When I was at secondary school I had the very good fortune to be
taught about sex in a way that was relevant, rational, and perhaps
best of all, not sanctimonious, writes Simon
Demetriou.

It seems clear to me that sex should not just be taught about as
part of biology, since the relative strength of insects’ mandibles
has considerably less bearing on our lives than our sexual
practices. But what I am wary of is a shift too far in the other
direction.

Presently, the Qualifications and Curriculum Authority says that,
as well as teaching the dangers of irresponsible sex, an important
aim of SRE is to encourage students to understand moral behaviour
including “the importance of marriage for family life and bringing
up children”.

Not only does this seem to be enforcing an outdated
homo-heterosexual marital paradigm, but it also takes sex from one
realm of irrelevance to another if taken too far.
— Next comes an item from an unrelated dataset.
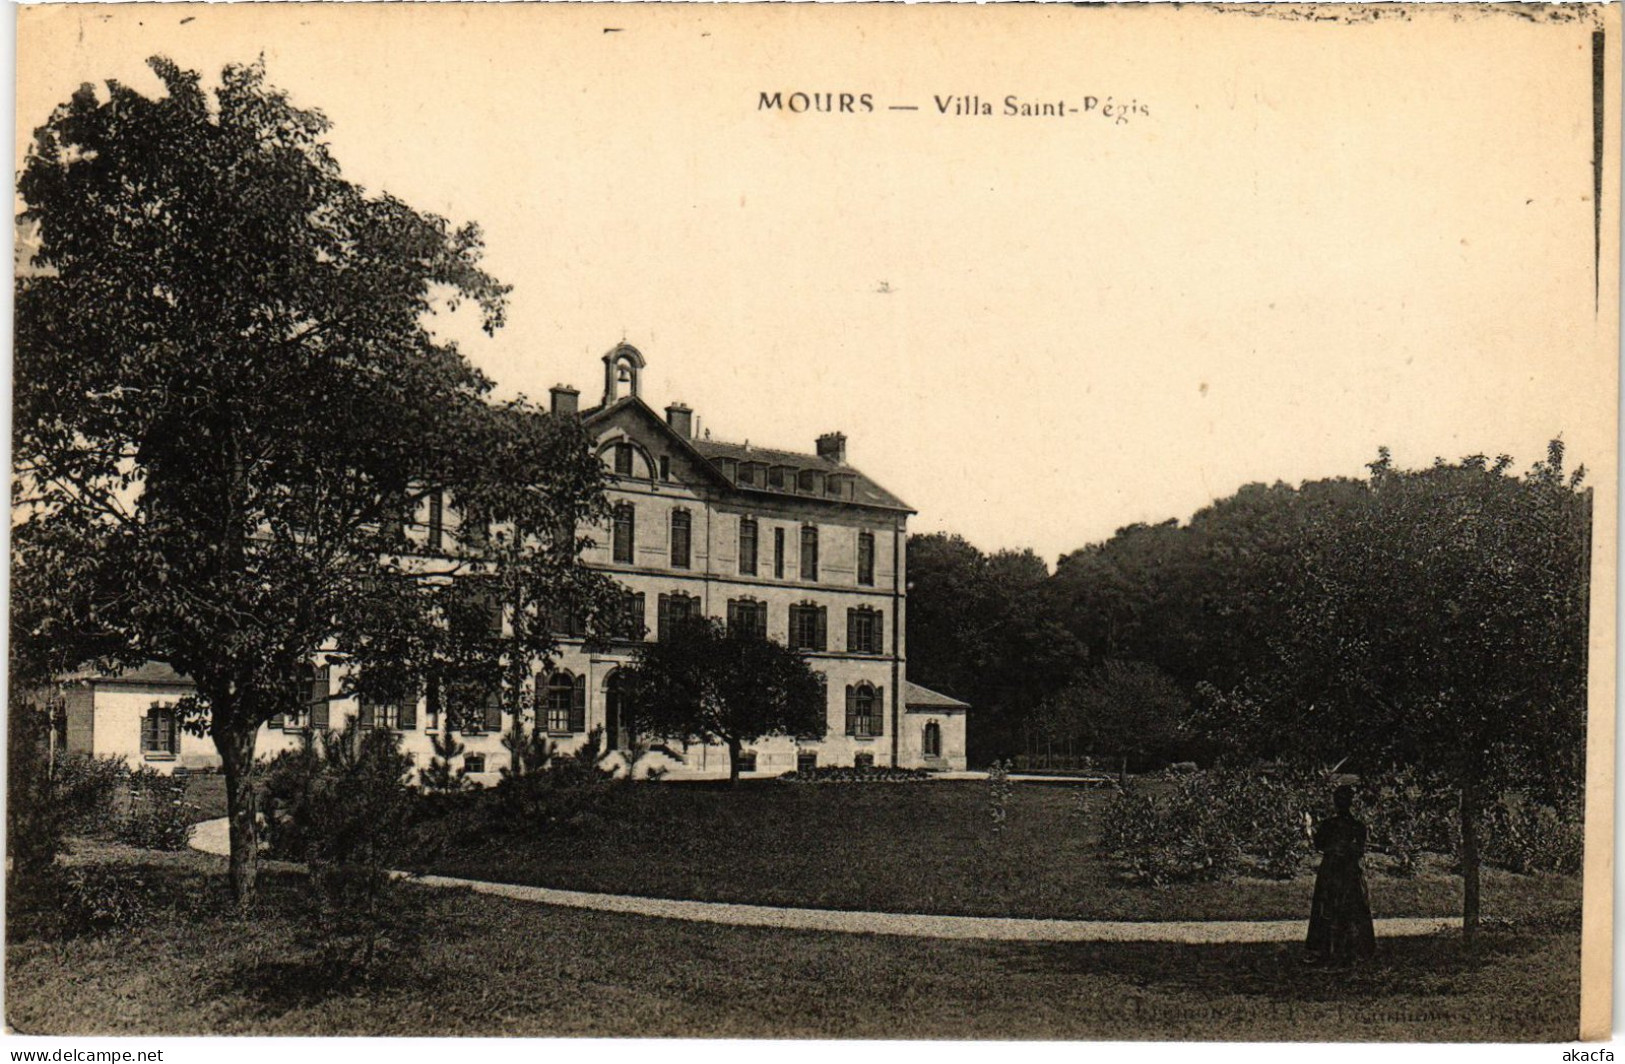 CPA Mours Villa St Regis (1340349) - Mours

For most young
people, thoughts about marriage and moral repercussions are as far
from their minds when they begin having sex as the intricate
workings of the ovaries.

And as long as you are having sex responsibly, there is no reason
that you should be concerned with either of these (in reality)
peripheral things. After all, where biology keeps real sex
unmentioned, often morality makes real sex unmentionable.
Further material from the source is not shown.